We’ll load the multiprocessing
, threading
and queue
modules to do our plumbing, and the cython
extension so we can do the number crunching, as is shown in this blog post.
[1]:
%load_ext cython
import multiprocessing
import threading
import queue
We define a function that computes the sum of all primes below a certain integer n
, and don’t try to be smart about it; the point is that it needs a lot of computation.
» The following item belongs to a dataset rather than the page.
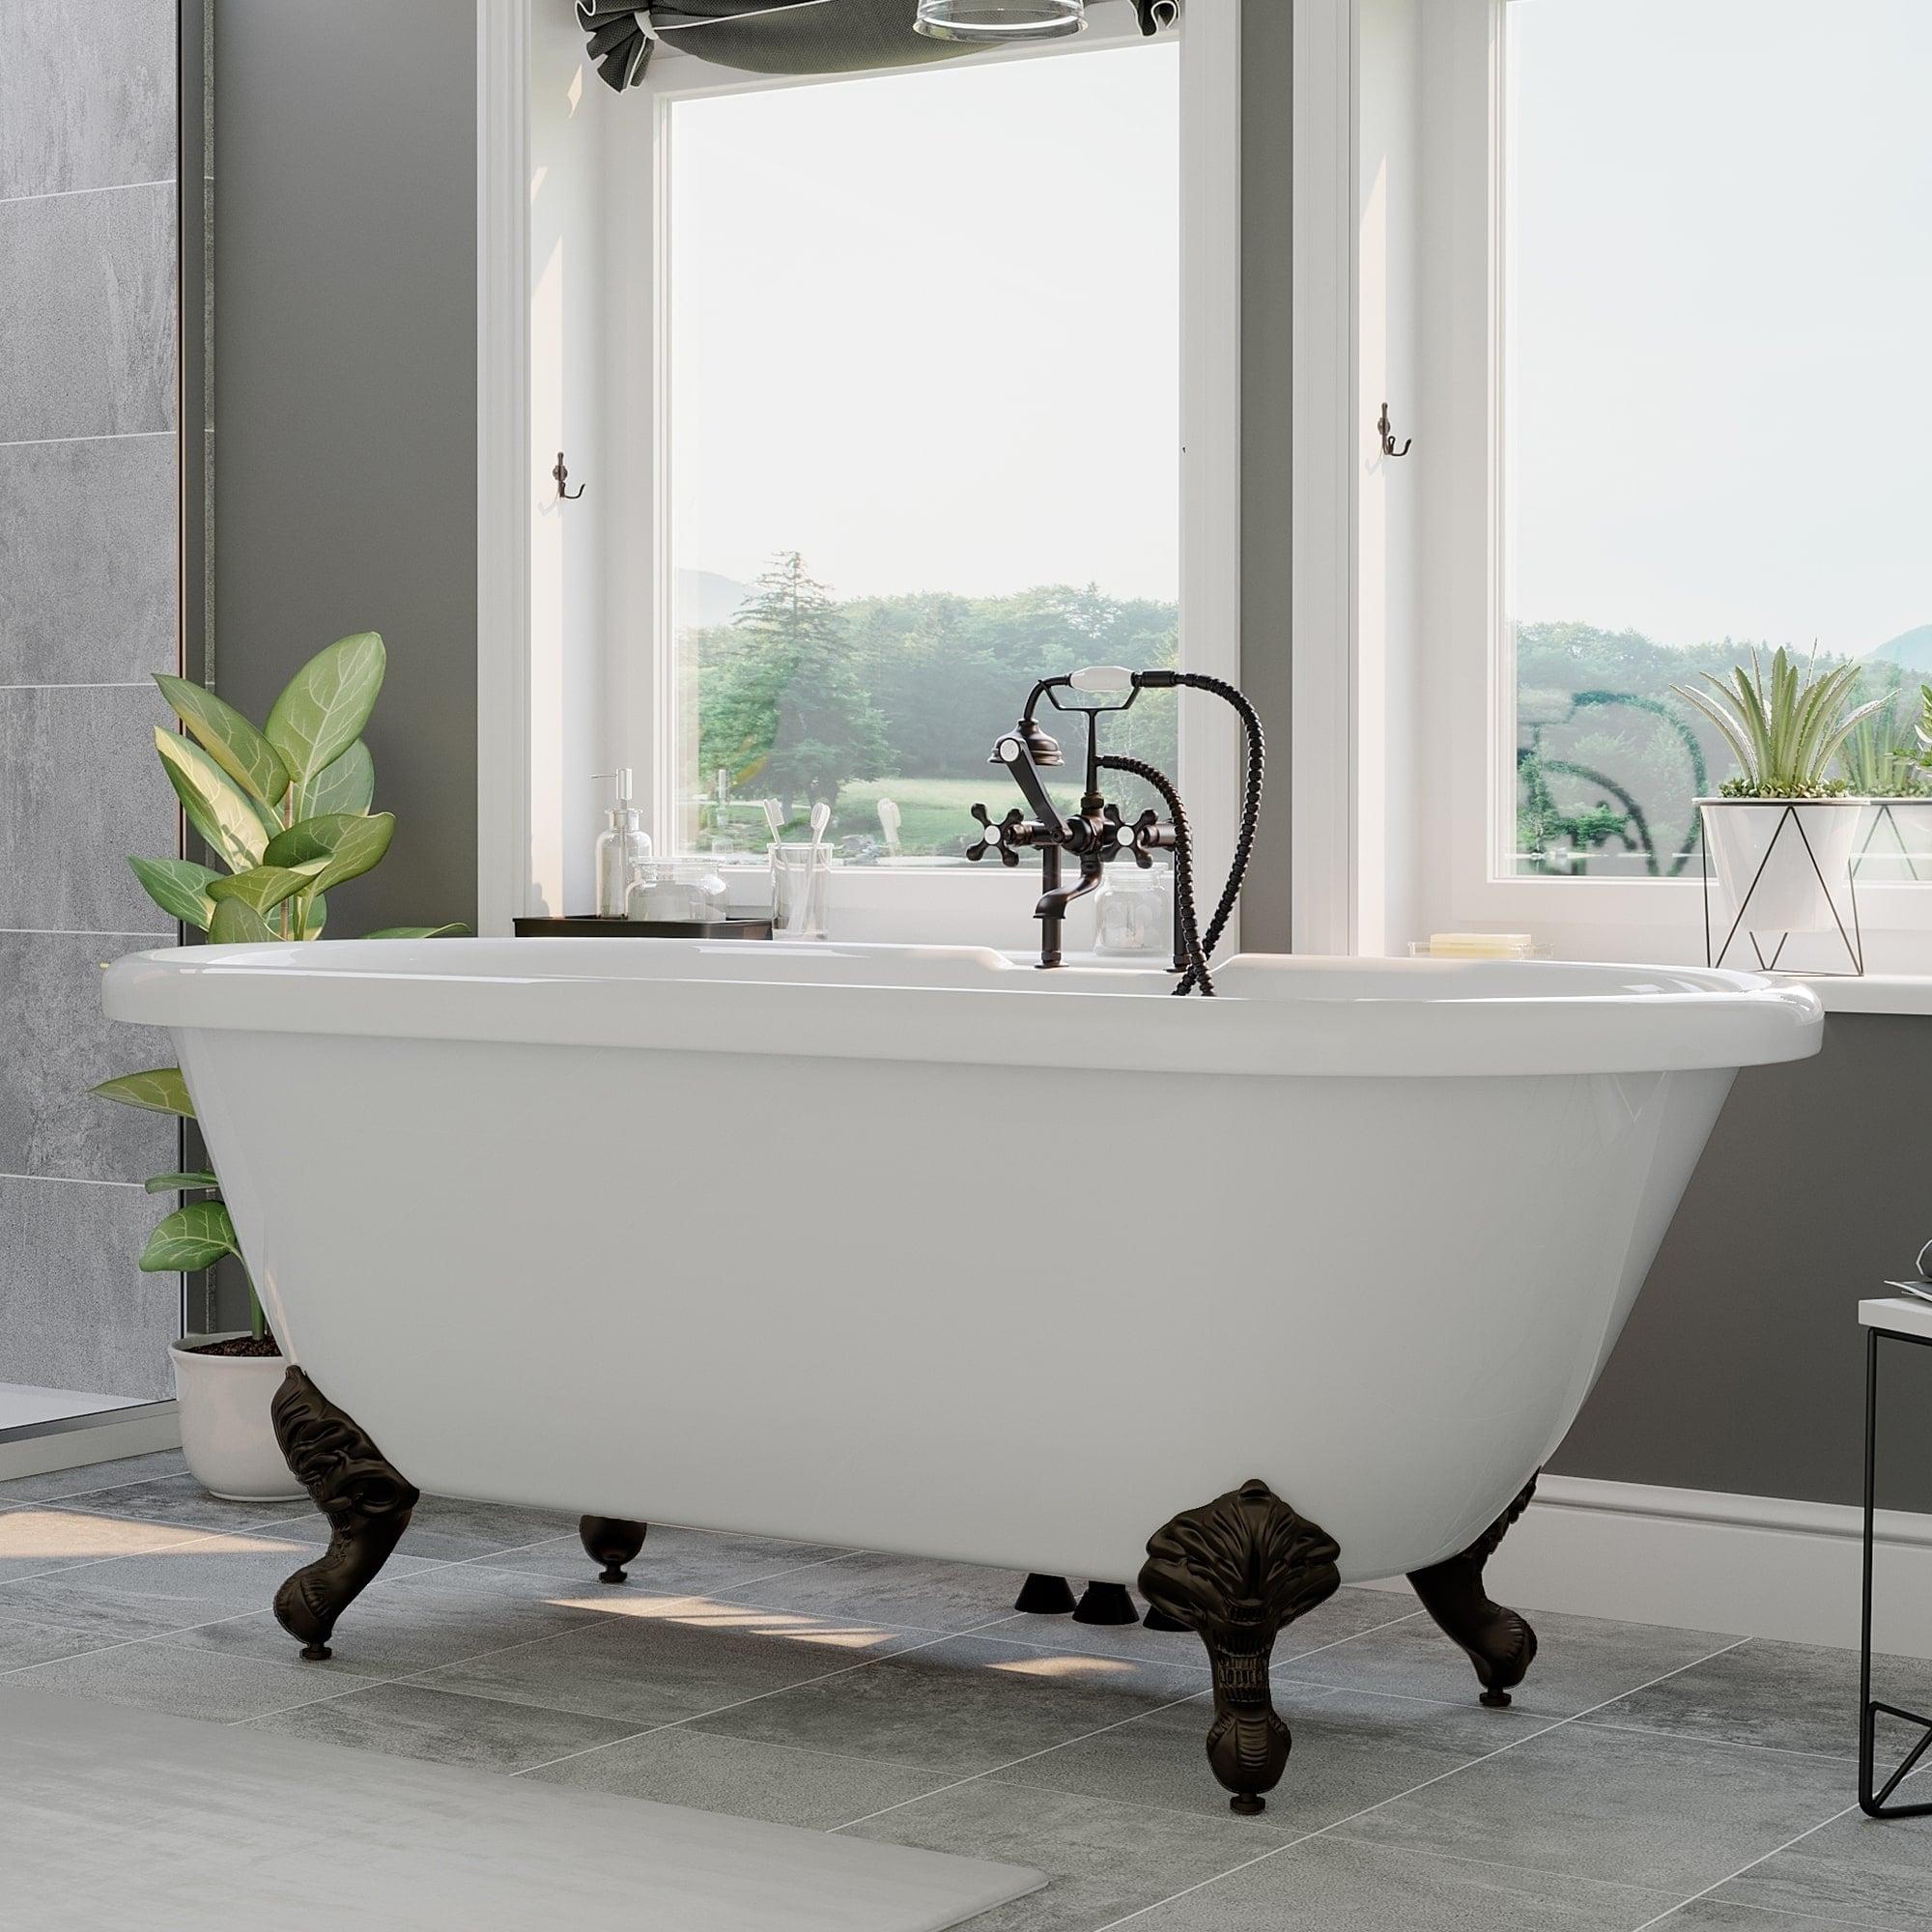 Acrylic Double Ended Clawfoot Bathtub 60 X 29 Deck Holes

These functions are designated nogil
, so that we can be certain no Python objects are accessed. Finally we create a single Python exposed function that uses the:
with nogil:
...
statement. This is a context-manager that lifts the GIL for the duration of its contents.
[2]:
%%cython
from libc.math cimport ceil, sqrt
cdef inline int _is_prime(int n) nogil:
"""return a boolean, is the input integer a prime?"""
if n == 2:
return True
cdef int max_i = <int>ceil(sqrt(n))
cdef int i = 2
while i <= max_i:
if n % i == 0:
return False
i += 1
return True
cdef unsigned long _sum_primes(int n) nogil:
"""return sum of all primes less than n """
cdef unsigned long i = 0
cdef int x
for x in range(2, n):
if _is_prime(x):
i += x
return i
def sum_primes(int n):
with nogil:
result = _sum_primes(n)
return result
In fact, we only loaded the multiprocessing
module to get the number of CPUs on this machine. We also get a decent amount of work to do in the input_range
.
[3]:
input_range = range(int(1e6), int(2e6), int(5e4))
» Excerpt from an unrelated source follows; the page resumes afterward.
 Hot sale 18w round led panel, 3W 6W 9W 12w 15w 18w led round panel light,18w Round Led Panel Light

ncpus = multiprocessing.cpu_count()
print("We have {} cores to work on!".format(ncpus))
We have 4 cores to work on!
Single thread¶
Let’s first run our tests in a single thread:
[4]:
%%time
for i in input_range:
print(sum_primes(i), end=' ', flush=True)
print()
37550402023 41276629127 45125753695 49161463647 53433406131 57759511224 62287995772 66955471633 71881256647 76875349479 82074443256 87423357964 92878592188 98576757977 104450958704 110431974857 116581137847 122913801665 129451433482 136136977177
CPU times: user 8.62 s, sys: 5.05 ms, total: 8.62 s
Wall time: 8.63 s
Multi-threading: Worker pool¶
We can do better than that! We now create a queue containing the work to be done, and a pool of threads eating from this queue. The workers will keep on working as long as the queue has work for them.
[5]:
%%time
### We need to define a worker function that fetches jobs from the queue.
def worker(q):
while True:
try:
x = q.get(block=False)
print(sum_primes(x), end=' ', flush=True)
except queue.Empty:
break
### Create the queue, and fill it with input values
work_queue = queue.Queue()
for i in input_range:
work_queue.put(i)
### Start a number of threads
threads = [
threading.Thread(target=worker, args=(work_queue,))
for i in range(ncpus)]
for t in threads:
t.start()
### Wait until all of them are done
for t in threads:
t.join()
print()
37550402023 41276629127 45125753695 49161463647 53433406131 57759511224 62287995772 66955471633 71881256647 76875349479 82074443256 87423357964 92878592188 98576757977 104450958704 110431974857 116581137847 122913801665 129451433482 136136977177
CPU times: user 14.7 s, sys: 9.1 ms, total: 14.7 s
Wall time: 3.98 s
Using Noodles¶
On my laptop, a dual-core hyper-threaded Intel(R) Core(TM) i5-5300U CPU
, this runs just over two times faster than the single threaded code. However, setting up a queue and a pool of workers is quite cumbersome. Also, this approach doesn’t scale up if the dependencies between our computations get more complex. Next we’ll use Noodles to provide the multi-threaded environment to execute our work. We’ll need three functions:
schedule
to decorate our work functionrun_parallel
to run the work in parallelgather
to collect our work into a workflow
[6]:
from noodles import (schedule, run_parallel, gather)
[7]:
%%time
@schedule
def s_sum_primes(n):
result = sum_primes(n)
print(result, end=' ', flush=True)
return result
p_prime_sums = gather(*(s_sum_primes(i) for i in input_range))
prime_sums = run_parallel(p_prime_sums, n_threads=ncpus)
print()
37550402023 41276629127 45125753695 49161463647 53433406131 57759511224 62287995772 66955471633 71881256647 76875349479 82074443256 87423357964 92878592188 98576757977 104450958704 110431974857 116581137847 122913801665 129451433482 136136977177
CPU times: user 14.7 s, sys: 11.8 ms, total: 14.7 s
Wall time: 4.08 s
That does look much nicer! We have much less code, the code we do have is clearly separating function and form, and this approach is easily expandable to more complex situations.